Sikandrabad is a city and a municipal board, just outside of Bulandshahr city in Bulandshahr district in the Indian state of Uttar Pradesh. It is part of the Delhi NCR region. Sikandrabad tehsil is now a part of Bulandshahr district which is situated throughout 60+ villages.

Demographics
 India census, Sikandrabad had a population of 3,85,000. Men constitute 52% of the population and Women 48%. Sikandrabad has an average literacy rate of 50%, lower than the national average of 59.5%: male literacy is 58%, and female literacy is 49%. In Sikandrabad, 17% of the population is under 6 years of age.

Location
Sikandrabad is situated both side on G.T. road. It is about 51 km from the national capital, Delhi.

The city of Sikandrabad is located in Bulandshahr district of Uttar Pradesh state in northern India. It is situated on both side of GT road about 51 km south side of national capital Delhi. The district headquarters Bulandshahr is about 18 km from the city. Sikandrabad is well connected by roads and rails. Dankaur is the nearest railway station (6 km away) that serves Sikandrabad. Dadri, Gulaothi, Khair, Khurja, Jhajjar, Dankaur, Noida etc. are the other towns that have the direct road connectivity with the city. Sikandrabad is 6 km from Greater Noida.

PIN (Postal Index Number) of Sikandrabad is 203205. The STD code prefix is 05735. There are two post offices in the city. Speedpost is also available in the city.

The current population of Sikandrabad is around 300,000. The city has three post graduate colleges and a large number of other colleges and schools. Babbu Parveen is the Chairman of Sikandrabad. The oldest clinic Dr. Jamuna Prasad Sharma

History

Sikandrabad is a historical city which was built by Sikandar Lodhi in around 1498. Chishti and some other old monuments in the area can also be seen.

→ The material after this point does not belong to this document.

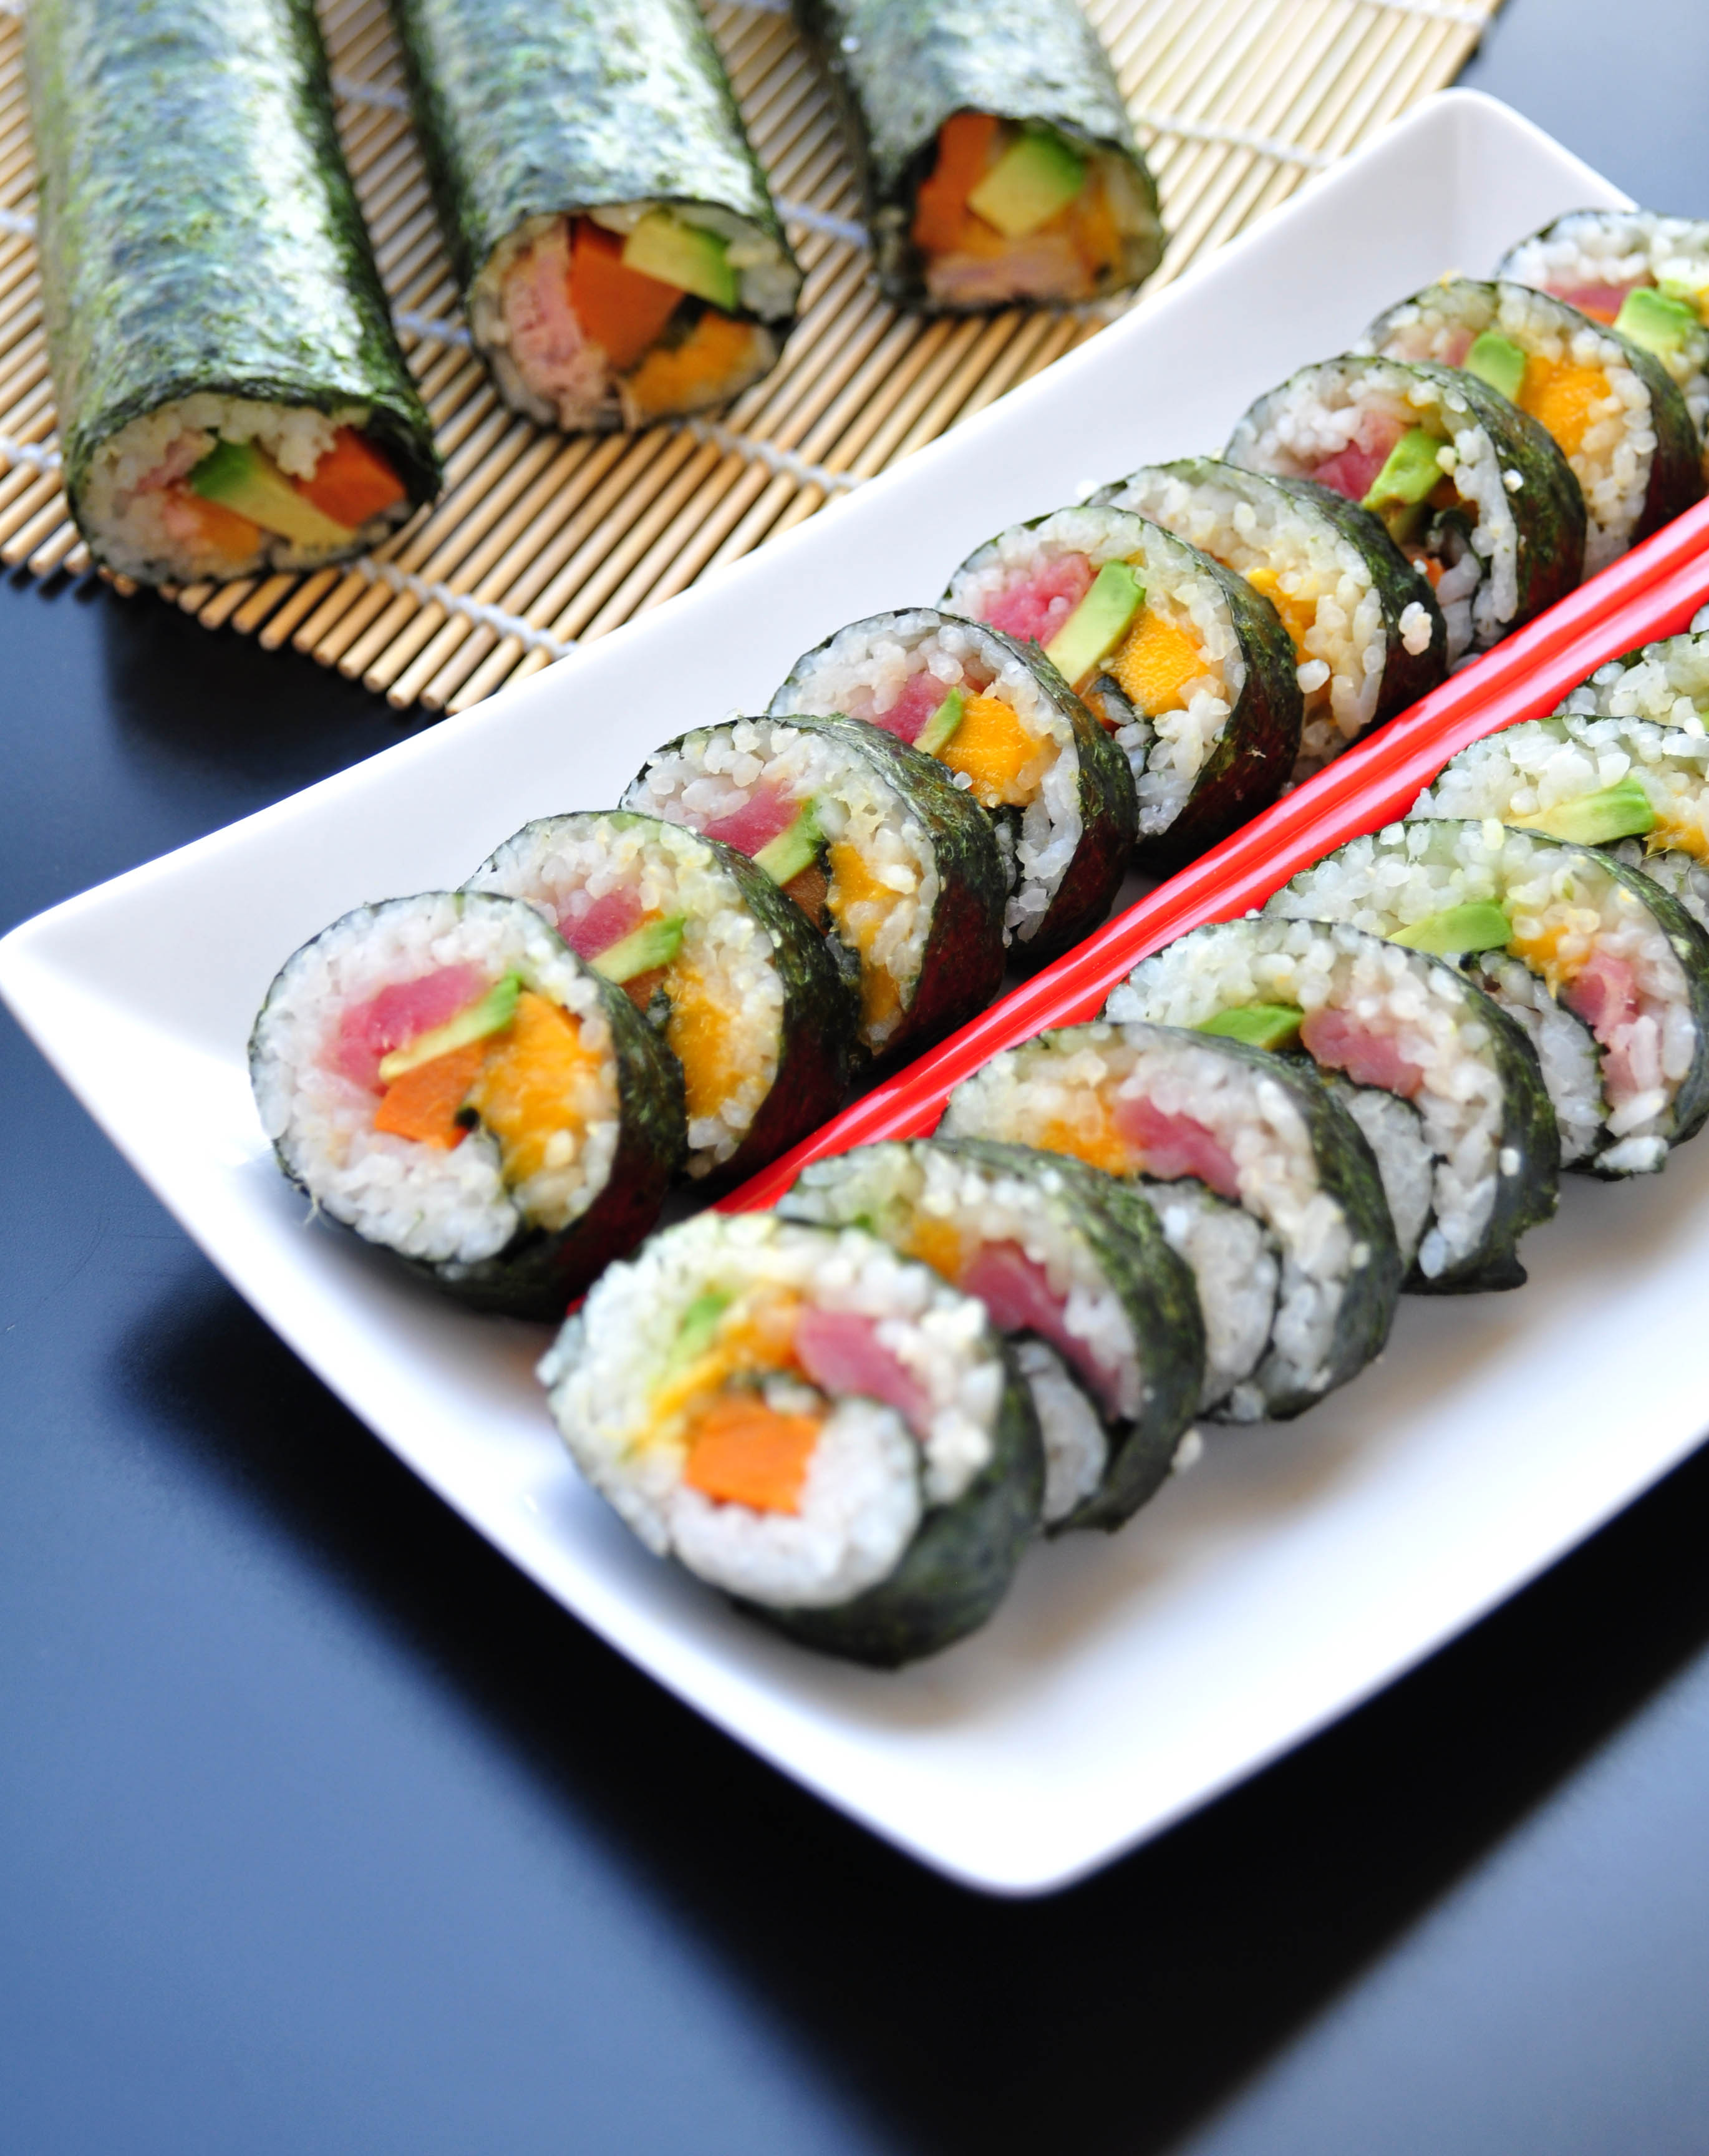 tuna-sushi-maki-rolls2-by-starvingchef.jpg

Sikandrabad is listed in the Ain-i-Akbari as a pargana under Delhi sarkar, producing a revenue of 1,259,190 dams for the imperial treasury and supplying a force of 400 infantry and 50 cavalry.

Notable people

 Acharya Chatursen Shastri Hindi writer, known for Vaishali Ki Nagarvadhu.
 Santosh Anand Bollywood Song writer.
Rahul Verma, social worker and activist; founder of Uday Foundation
Dr Shiv Lal, Public Health Professional and Special Director General Health Services, Government of India, Dr B.C. Roy National Awardee for Development of Community Health Specialty in India.